EXERCISE DETAILS: Your response is a verbatim copy of the listing, stripped of its images.

PROVIDED DATA:

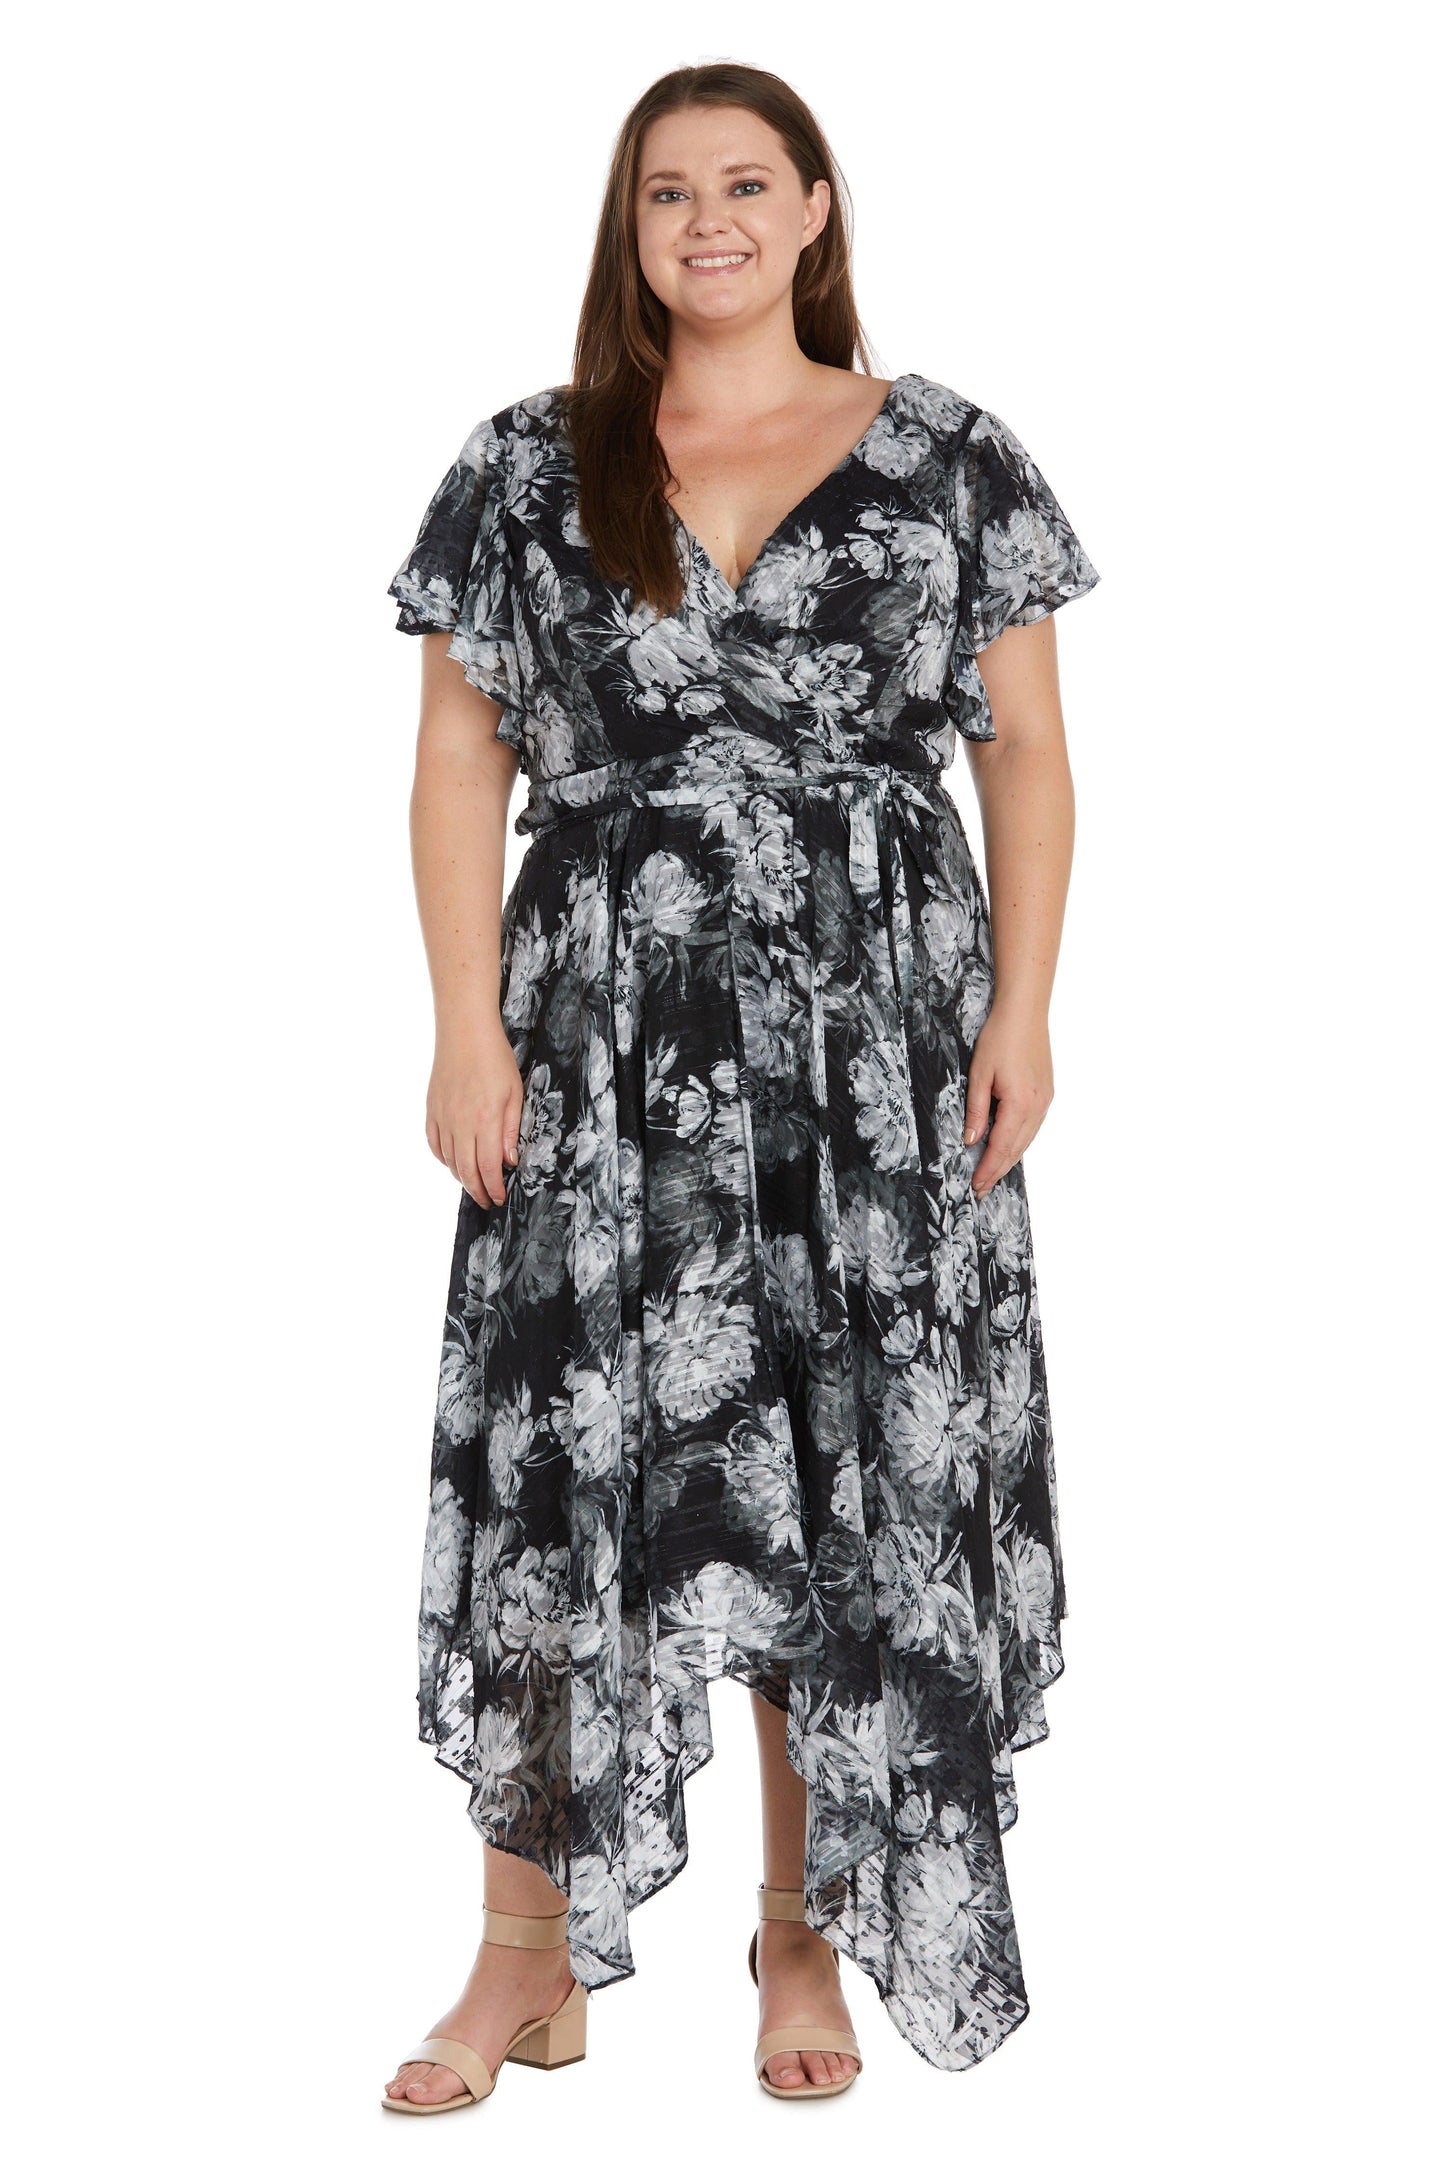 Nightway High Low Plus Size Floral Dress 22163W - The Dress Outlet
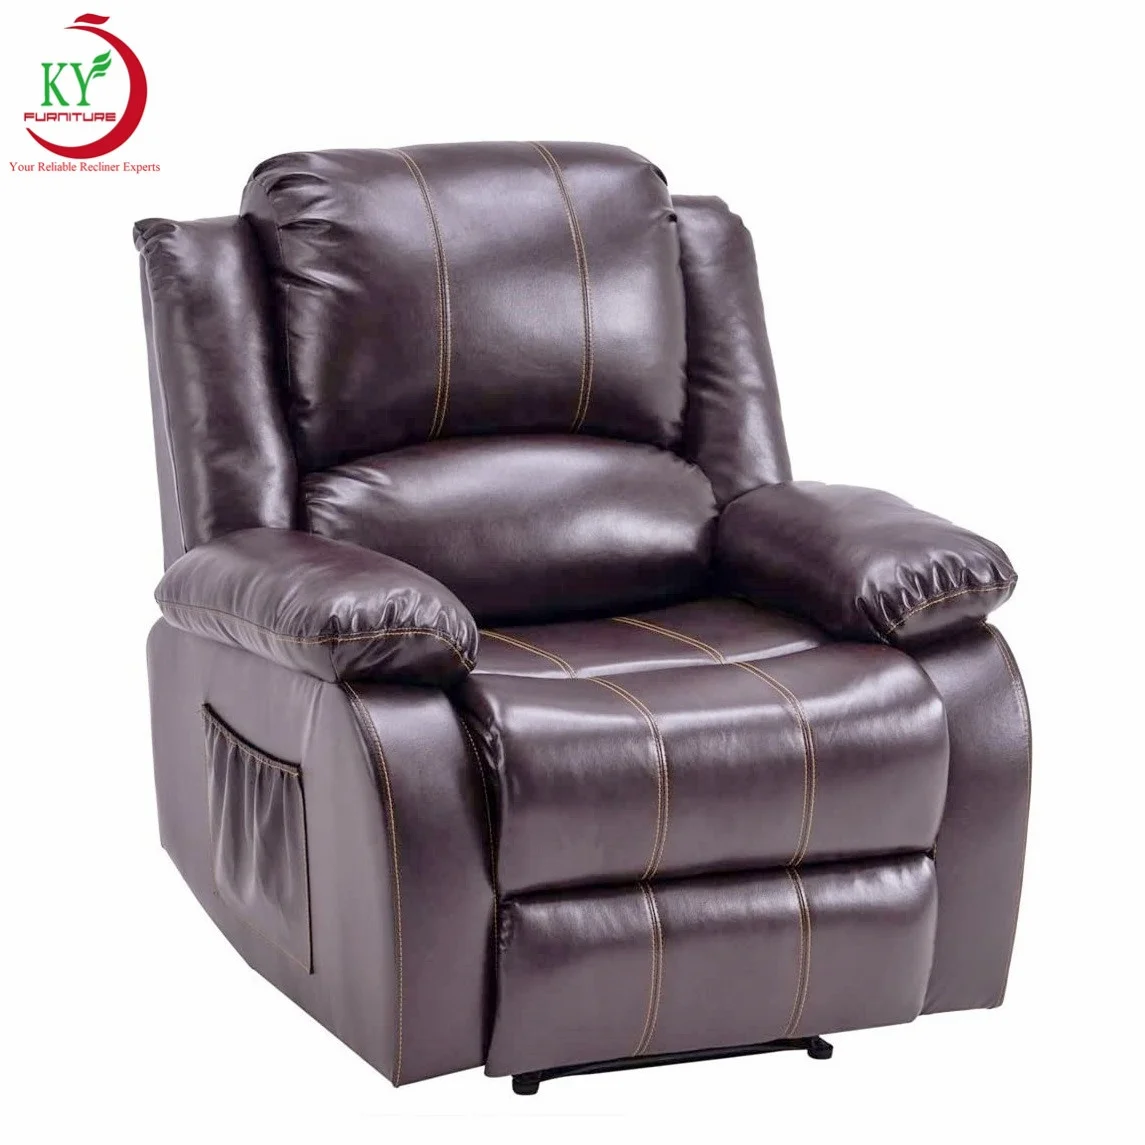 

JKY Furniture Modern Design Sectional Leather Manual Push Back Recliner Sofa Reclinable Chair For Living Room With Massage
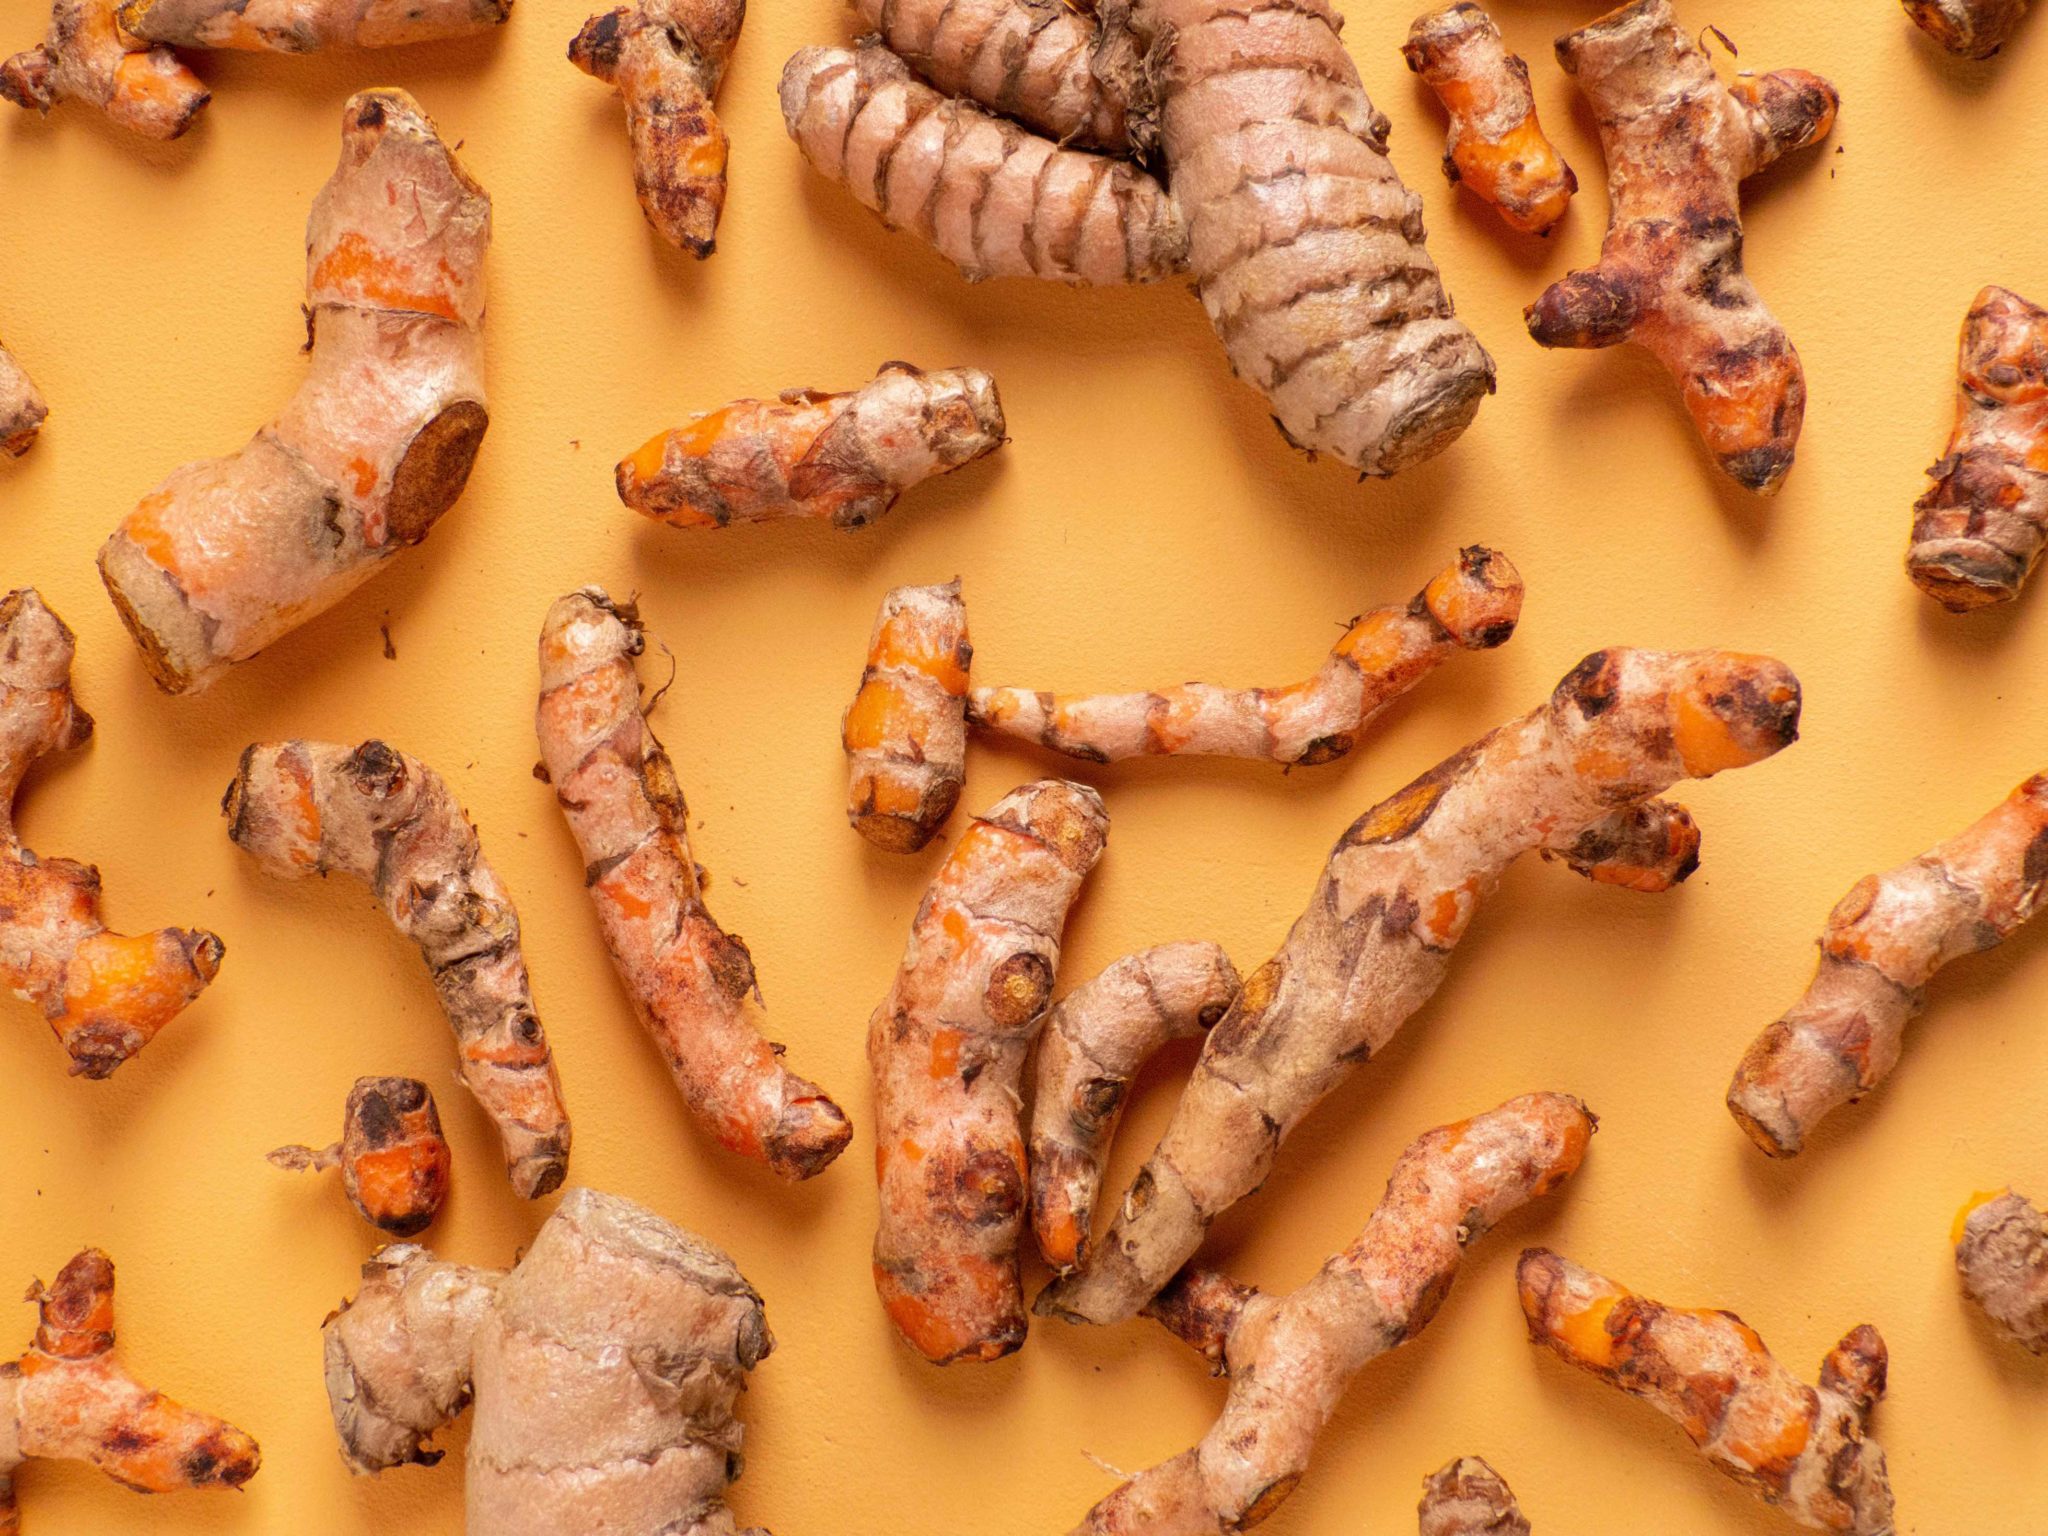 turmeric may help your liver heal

FINISHED EXERCISE:
 Nightway High Low Plus Size Floral Dress 22163W - The Dress Outlet

JKY Furniture Modern Design Sectional Leather Manual Push Back Recliner Sofa Reclinable Chair For Living Room With Massage
 turmeric may help your liver heal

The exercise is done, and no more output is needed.